7 Article [Value of pelvic MRI in the preoperative diagnosis of endometriosis] 2004

Hauth EA, Antoch G, Ruehm SG, Böing C, Kimmig R, Forsting M. · Institut für Diagnostische und Interventionelle Radiologie, Universitätsklinikum Essen. · Rofo. · Pubmed #15346261 No free full text.
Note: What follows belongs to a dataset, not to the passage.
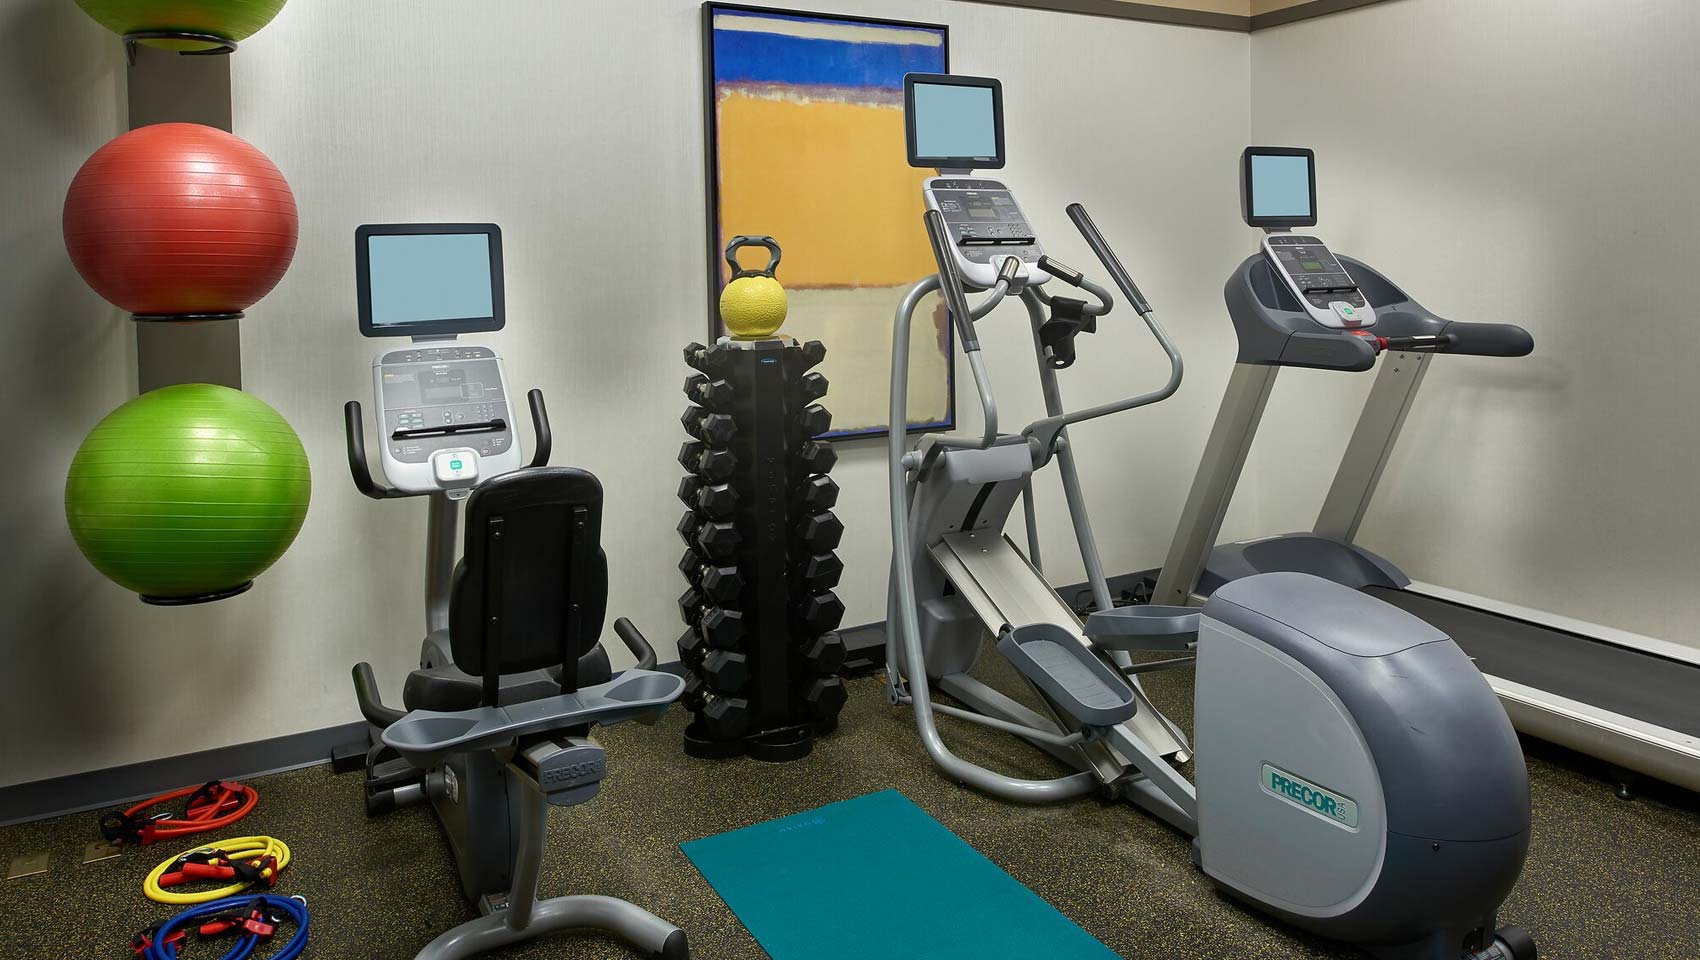 24 hour hotel fitness center

Abstract: PURPOSE: To determine the value of magnetic resonance imaging (MRI) of the pelvis in the preoperative diagnosis of endometriosis. MATERIALS AND METHODS: Over a period of 8 months, preoperative MRI of the pelvis were obtained in 13 patients with suspected endometriosis (mean patient age 34.6 years; range 25 - 47 years). RESULTS: In 9 of 13 patients (69 %), the diagnosis of endometriosis was made by MRI and confirmed by laparoscopy in 8 cases. In 2 of 13 patients, endometriotic lesions were detectable by laparoscopy only. In the remaining 2 patients, no endometriosis was visible on MRI or by laparoscopy. MRI was able to visualize a total of 19 endometriotic lesions, with 14 (74 %) confirmed by histopathologic examination following laparoscopy. Five of these 19 lesions (26 %) visible on MRI were not seen by laparoscopy. Using laparoscopy and subsequent histopathologic examination, 27 endometriotic lesions were diagnosed, with 13 (48 %) not seen on the preoperative MRI. CONCLUSION: MRI and laparoscopy are complementary diagnostic tools that will best document the full extent of endometriosis when combined. MRI can visualize additional lesions inaccessible to laparoscopy. Thus, MRI of the pelvis should used preoperatively for surgical treatment planning.